“Bonobo”, un monólogo inspirado en la dramática peripecia del yihadista Yunnes Abuyakub
Sala Fénix recupera el thriller que Josep Julién estrenó en el TNC y que protagoniza Moha Amazian
El universo teatral barcelonés no funciona a base de proyectos aislados, sino que existe una intercomunicación cada vez más fecunda que permite que obras y montajes surgidos en una sala determinada se trasladen al cabo de cierto tiempo a otra. Y ello ocurre entre escenarios harto diferentes, de modo que producciones surgidas en pequeños teatros del Off Barcelona pasen a salas comerciales o que otras, estrenadas en locales de gestión pública, se muevan luego a otros de no menor ambición pero sí acaso más parvas disponibilidades. Este es el caso de “Bonobo”, un texto de Josep Julien que fue estrenado en una de las salas de Teatro Nacional de Cataluña y que ahora se ofrece en el cálido y recoleto ambiente de la Sala Fénix de la calle Riereta.
“Bonobo” es un texto teatral caracterizado por varias notas peculiares. Según confesión de su autor, estuvo inspirado por una coincidencia puramente casual: el prendimiento habido el 21 de agosto de 2017 por los Mozos de escuadra de Yunnes Abuyakub, uno de los implicados en el atentado terrorista cometido en Barcelona el día anterior. Su captura se produjo en la viña del término municipal de Subirats donde se había agazapado y que se encontraba a doscientos metros de la vivienda familiar de Julien. Un hecho ciertamente fortuito pero que inspiró a este hombre de teatro a escribir el thriller que nos ocupa.
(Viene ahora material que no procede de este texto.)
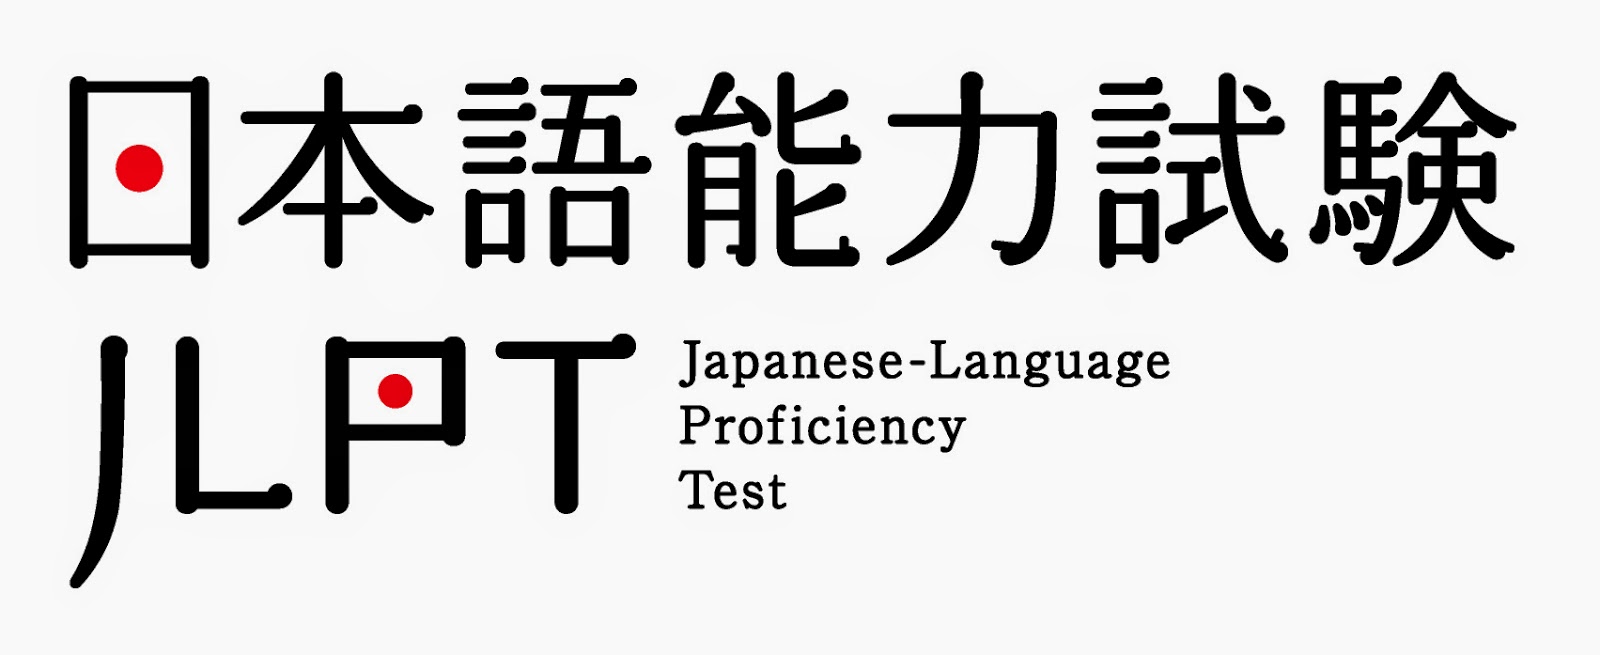 今天是JLPT日本语能力试验
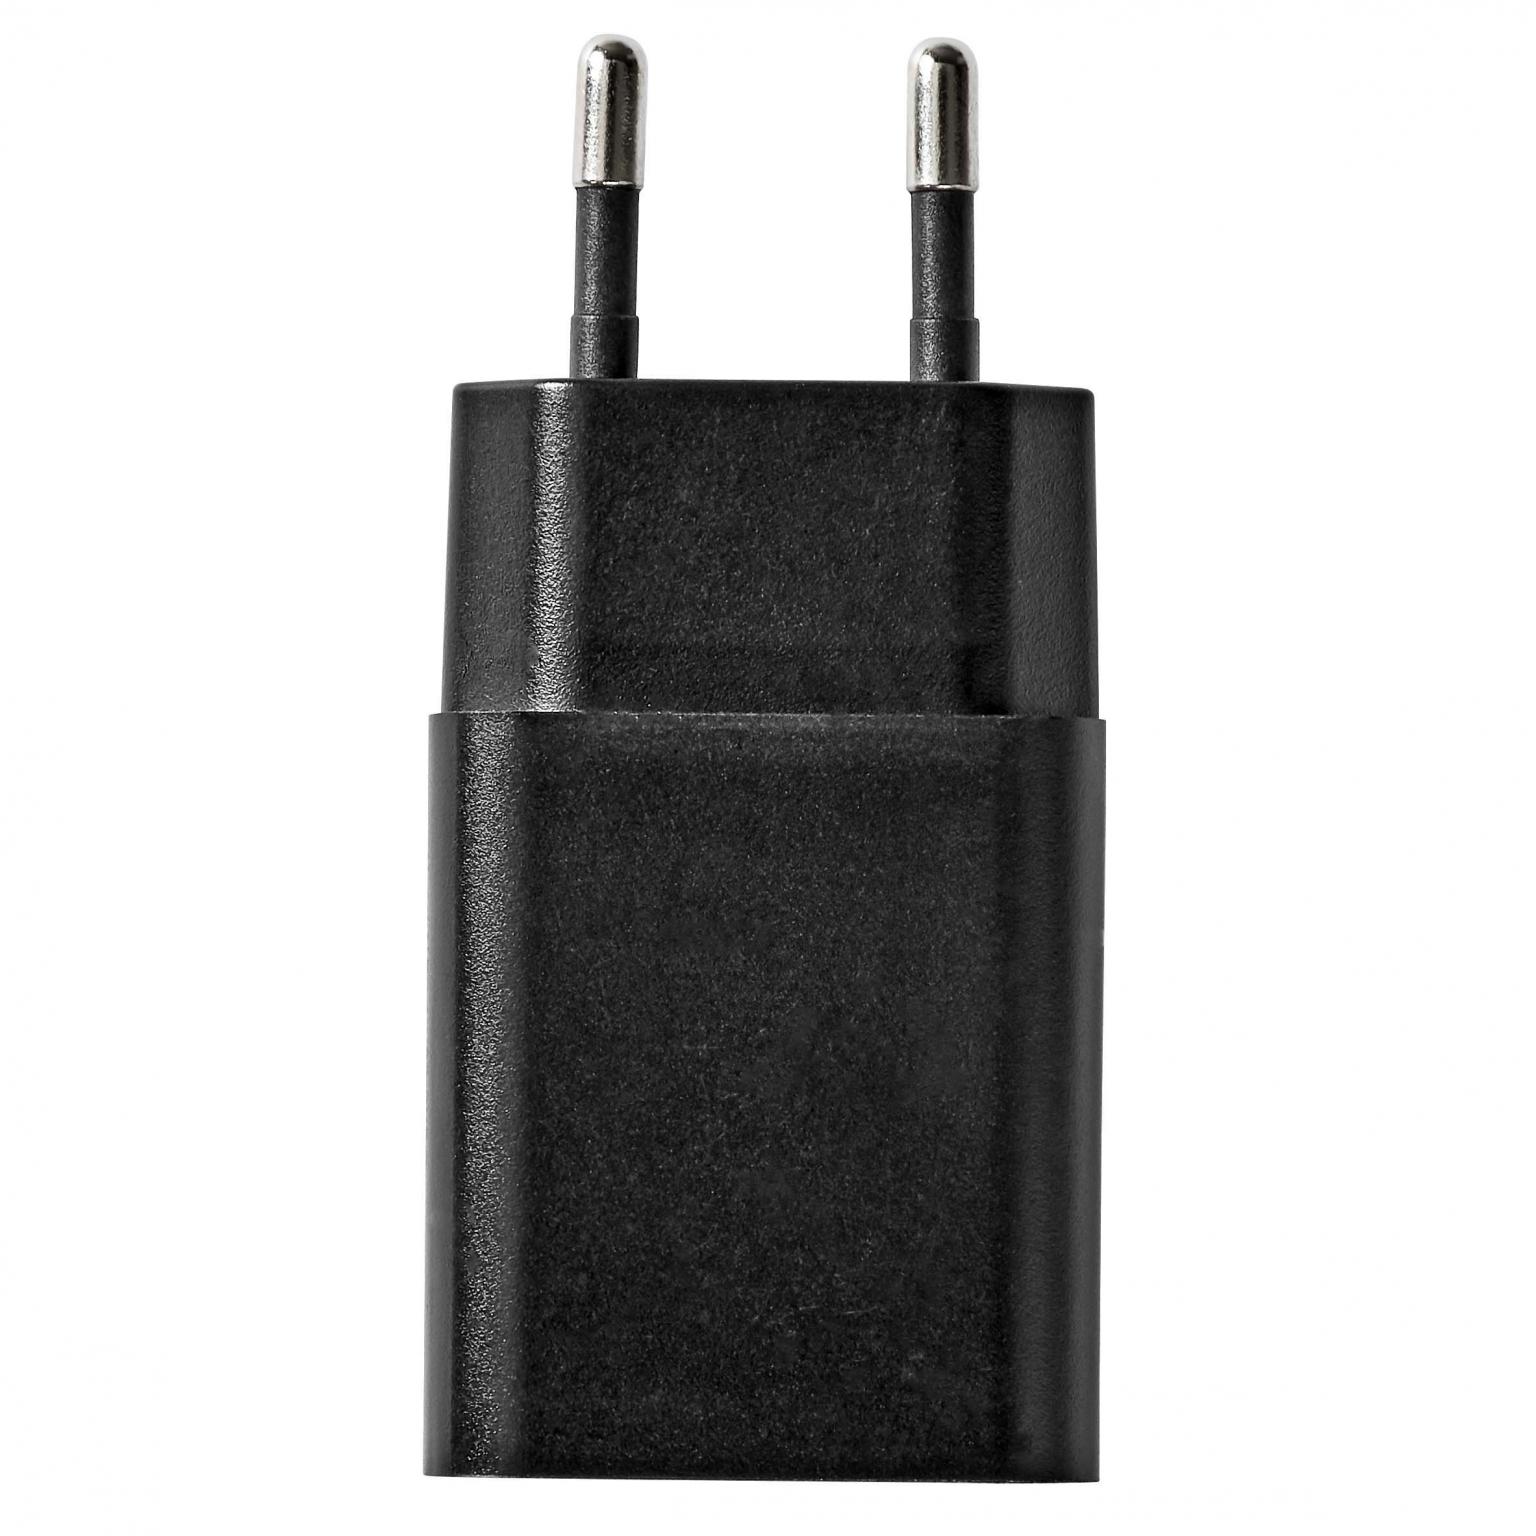 USB A oplader - 1000 mA - Allteq
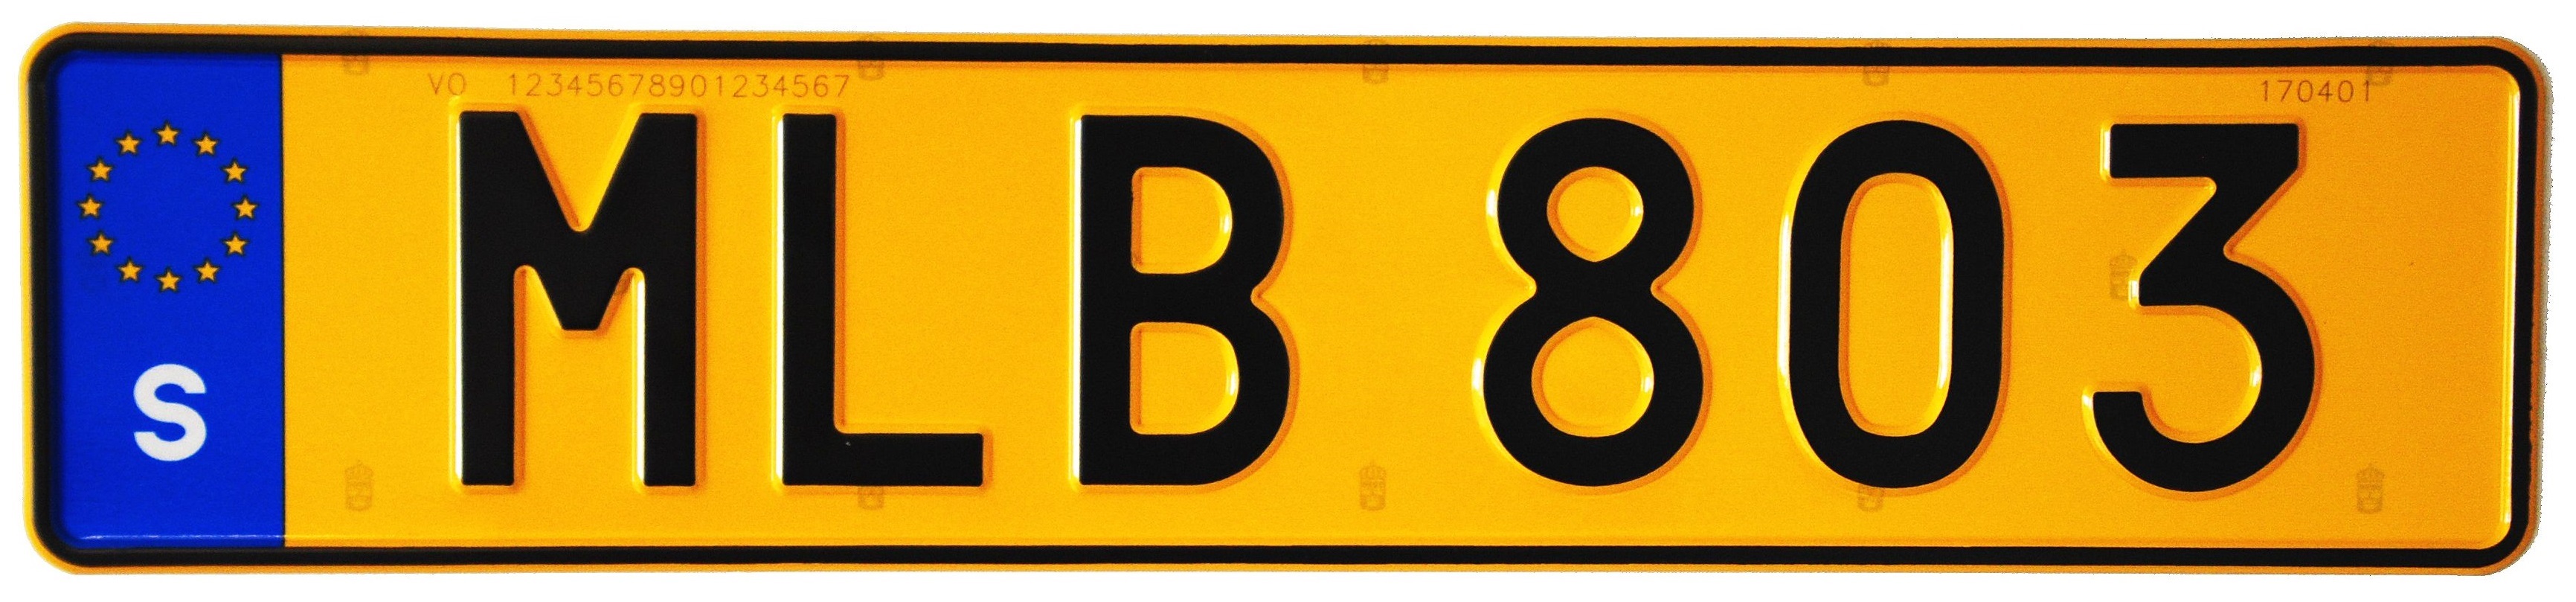 Включи номер м. Автомобильные номера Швеции. Шведские номерные знаки. Гос номера Швеции. Транзитные номера на авто.
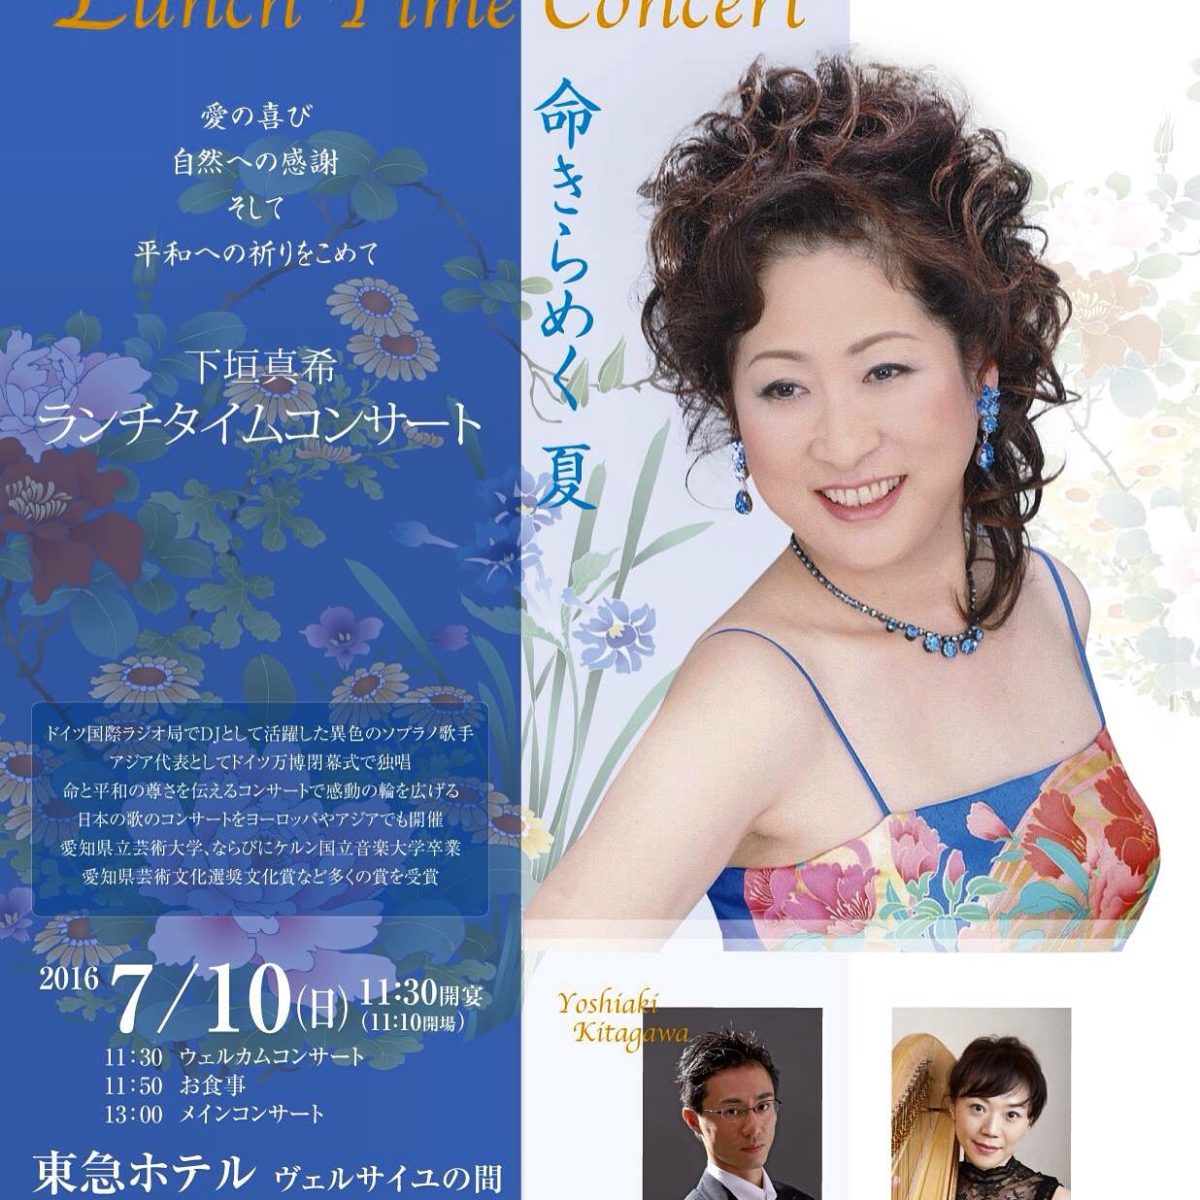 soprano maki shimogaki lunch concert 2016 07 10 69

“La dramaturgia -dice- ha puesto en mis manos durante todo el tiempo que este texto teatral lleva madurando, un elemento incomparablemente potente de reflexión. Durante ese tiempo, Yunnes, el yihadista, el asesino, el monstruo, ha evolucionado de la condición de persona a la de personaje. Lo he despojado de su identidad, de su nombre y de sus alucinados objetivos para convertirlo en otro. En el protagonista de un viaje diferente, conectado al suyo, pero también, por obra y gracia del poder de la ficción, encaminado a formular preguntas que me parecen angulares en el contexto moral y sociopolítico de esa primera mitad de siglo. En el viaje físico, pero también interior –iniciático– de ese chico, le acompañan otros personajes. Todos ellos extraídos, como el protagonista, de una realidad con la que convivimos a diario pero que en muchas ocasiones escogemos obviar o hacer invisible. Los conflictos que se generarán entre ellos son los que, si todo va como debe ir, nos abrirán el hueso de la función. La posibilidad de redención, la pulsión de odio como motor, la piedad como valor intrínseco de los humanos, la fragilidad de nuestras convicciones, de nuestra identidad, y la existencia o no de segundas oportunidades en la vida de las personas, son los temas troncales que deben vertebrar el texto de esta pieza. La forma escogida para desarrollar todo ello es la de una fuga, la de una road movie hacia un desenlace incierto. No he querido renunciar en ningún momento a hacer un texto ameno, distraído incluso, con elementos tomados del thriller y volcando bastantes referentes cinematográficos con el objetivo de llenarlo de imágenes que, en última instancia, deberán ser descodificadas por el receptor de la historia para que pueda llegar a sus propias conclusiones”.
Otra peculiaridad de este texto es su protagonista: Moha Amazian, un actor que me recuerda, salvadas las distancias, a Conchita Montes, quien llegó al teatro después de haber cursado la licenciatura en Ciencias Exactas. A diferencia de otros profesionales que se gradúan en artes escénicas y nada más, Moha lo ha hecho mientras se doctoraba en Química. Hay que decir que su interpretación del único personaje de esta obra - es excelente. A nuestro modo de ver la nota dominante es una clara acentuación de la naturalidad. Con el mérito sobreañadido de que, convertido el texto original, con dos intérpretes, en monólogo, no es nada fácil mantener el ritmo en absoluta soledad durante noventa minutos largos y más cuando en esta nueva versión hay momentos en que el personaje debe desdoblarse en diálogo con otro. “Bonobo” no es una obra fácil pero precisamente en eso radica su propio mérito.